文嬷嬷与安公公是眼皮子一阵直跳,真是坏大事了!

“王爷,您好歹说句话啊,太后娘娘如此疼你,怎以让你受半点委屈呢。”文嬷嬷看着乾王流血的额头,于心不忍地劝起来,“那位谢家小姐老奴是见过的,最最地端庄贤淑,容貌性情更是千里挑一的,您要不见见后再说?”

德安太后用余光留意着,见乾王直挺挺的跪着脸上没有半点松动,更是气得胸口疼起了,“把皇上请来!哀家倒要看看他是怎么个教儿子的,教出这种反骨孽障出来,枉废哀物白痛他二十余年啊。”

说着是单手捂着胸口,眼里是阵阵戾气。

定是那白眼狼的孽障与他说了些什么,不然,怎么如此顽固不听劝呢。谢家,她就知道那白眼狼是容不下谢家了,可他不想想没有她德安,没有她身后的谢家,他一个宫婢子如何登得宝座!

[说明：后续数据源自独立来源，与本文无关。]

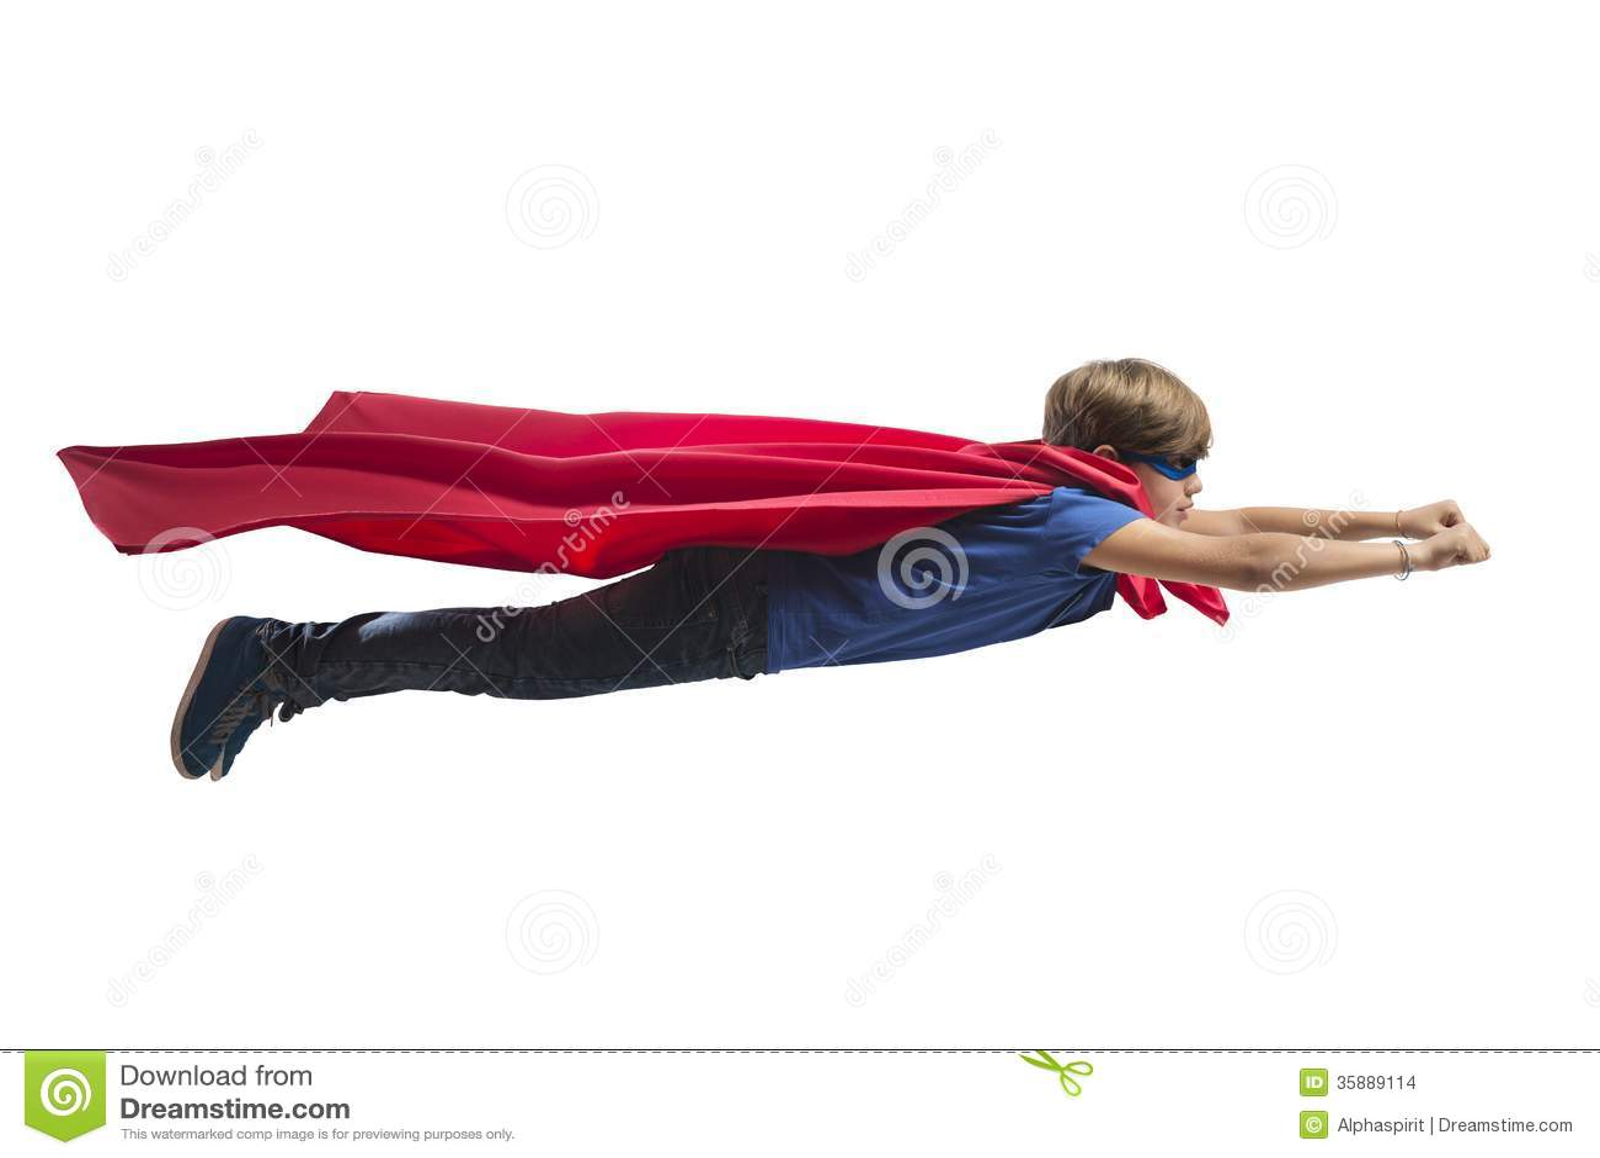 Superhero Kid Stock Images - Image: 35889114

明德帝不会不来,大步迈来端得是威慑道:“谁惹太后生气了?”

“皇帝来得正好,哀家是要被你这反骨子气到胸口痛了。”一语双关,即说了明德帝是反骨子,又说了乾王是明德帝的反骨儿子。

“母后息怒。”明德帝直径坐在炕上,大手一挥,喝起来,“没看到太后身子不好?还不快快请太医过来,太后若有什么三长两短,朕绝不轻忍!”

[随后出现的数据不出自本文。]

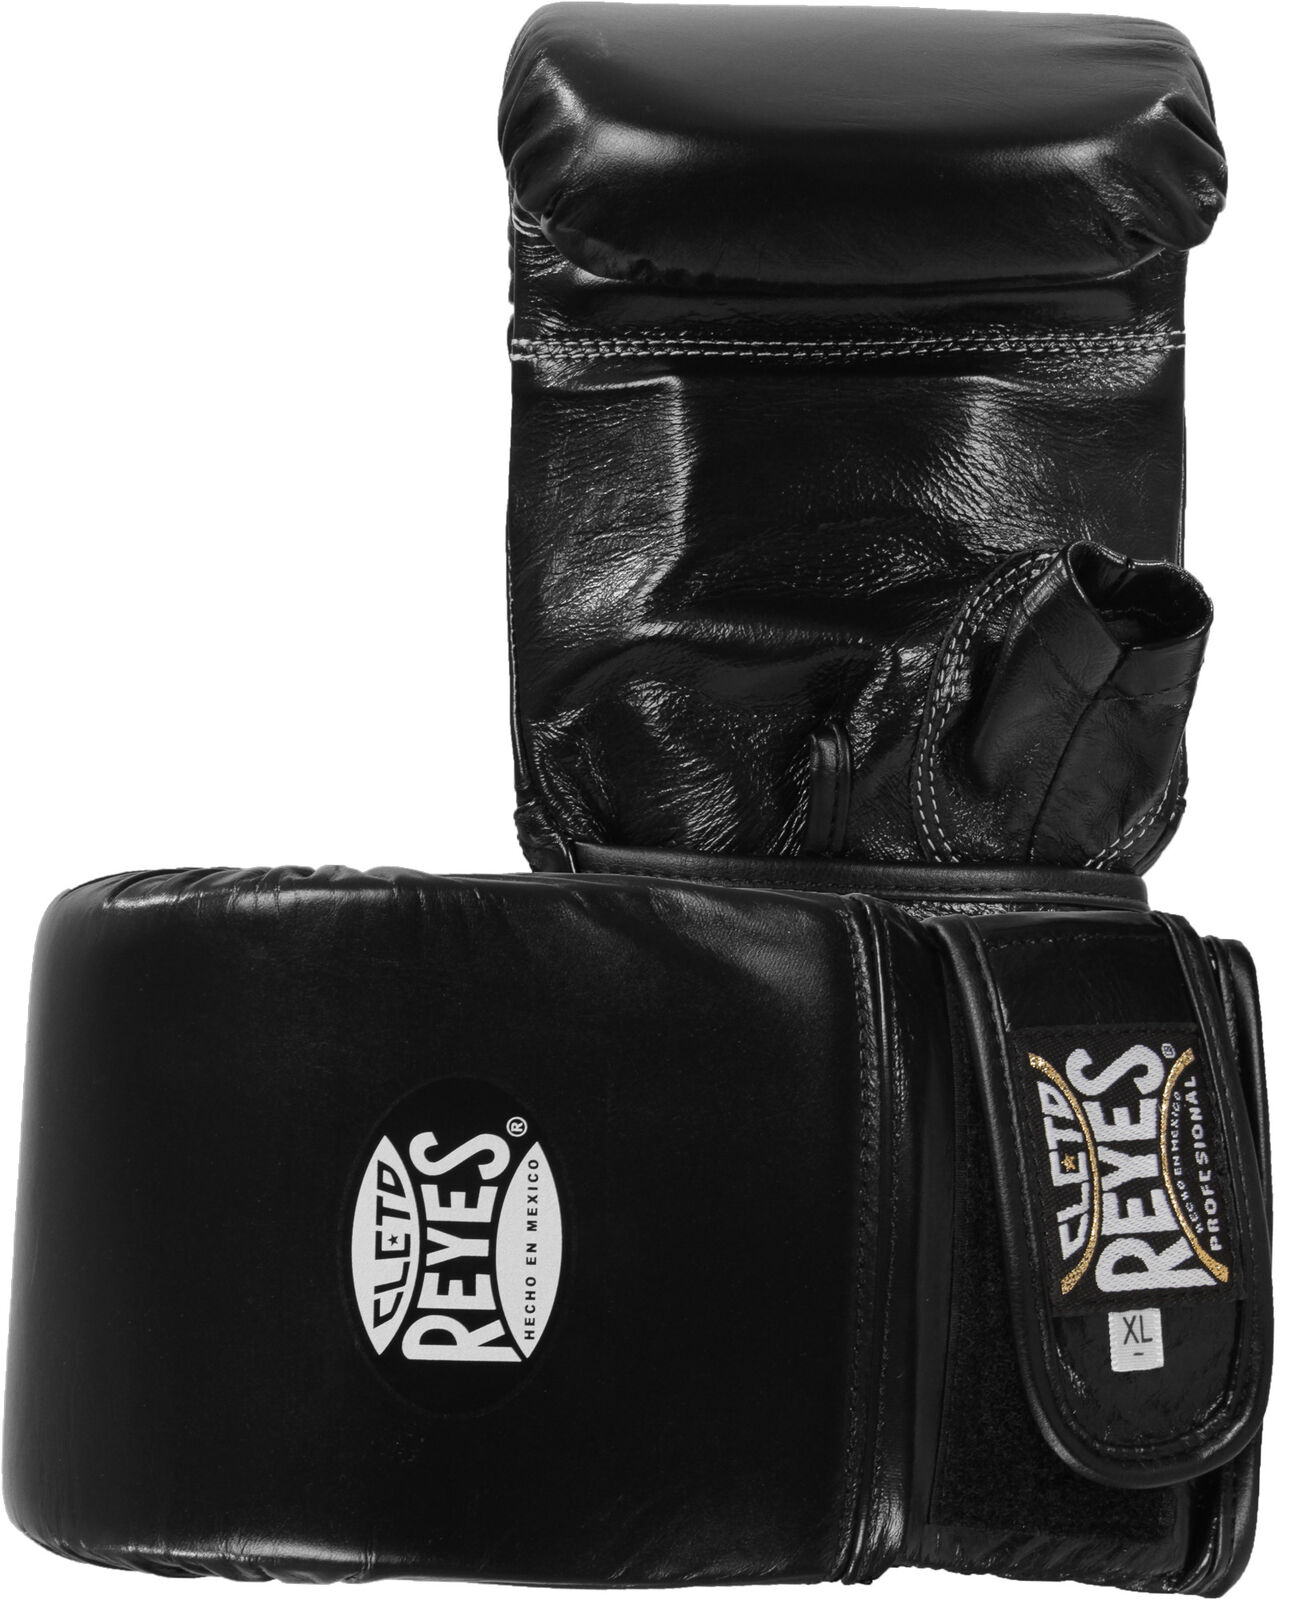 Cleto Klett Reyes Klett Cleto Leder Boxen Tasche Handschuhe - Schwarz 1bb4a1

德安被他的话更是气得两眼直发黑了,这这这……这就是直接咒她不好!

“请父皇劝劝太后。”乾王俯下身子,冷漠到仿若周边所有事情是与他毫无干系。

等明德帝从文嬷嬷嘴里有个大概的了解后,他嘴角微地挑了下,谢家最大的依靠没有了,朕看谢家还怎能蹦跳得起来。

因乾王的退让是让明德帝心情大好,侧首对让宫婢伺候揉胸捶脚的太后,道:“要不听听他想要位什么王妃?母后是乾王的亲祖母,想来也是希望看到亲孙子与自个的妻子和和美美的罢。”

亲孙子上咬字重了点,无时不刻地朝德安心里刺刀子;亲孙子?亲孙子还会这么大逆不道吗?这是在打德安的脸呢。

面色阴睛不安的德安冷哼了声,便问了起来,临了是重重喝道:“今日不给哀家一个说法,明日哀家便下懿旨!”

又对脸色佯装沉怒的明德帝道:“皇帝,你也管管他吧。好歹也是乾王的父亲,这儿子不成亲,做父亲的哪能不急呢。今日他若不给哀家一个说法,哀家便让他娶了谢荣公府里的嫡长小姐了。唉,哀家老了,只想看着孙子们个个娶亲生子,替皇帝分忧解难啊。”

……

娶亲生子与分忧解难实是难牵扯上去。

明德帝点头道:“母后言之有道,乾王,今日你当着朕与太后的面,说说你到底中意那家女子吧。”尽管哪日乾王已挑明说清楚,为帝者的多疑是让明德帝再一次试探。

对只想离开京城的乾王来说,面对这样的质问他是不想回答,可今天由不得不说了,中意哪家女子?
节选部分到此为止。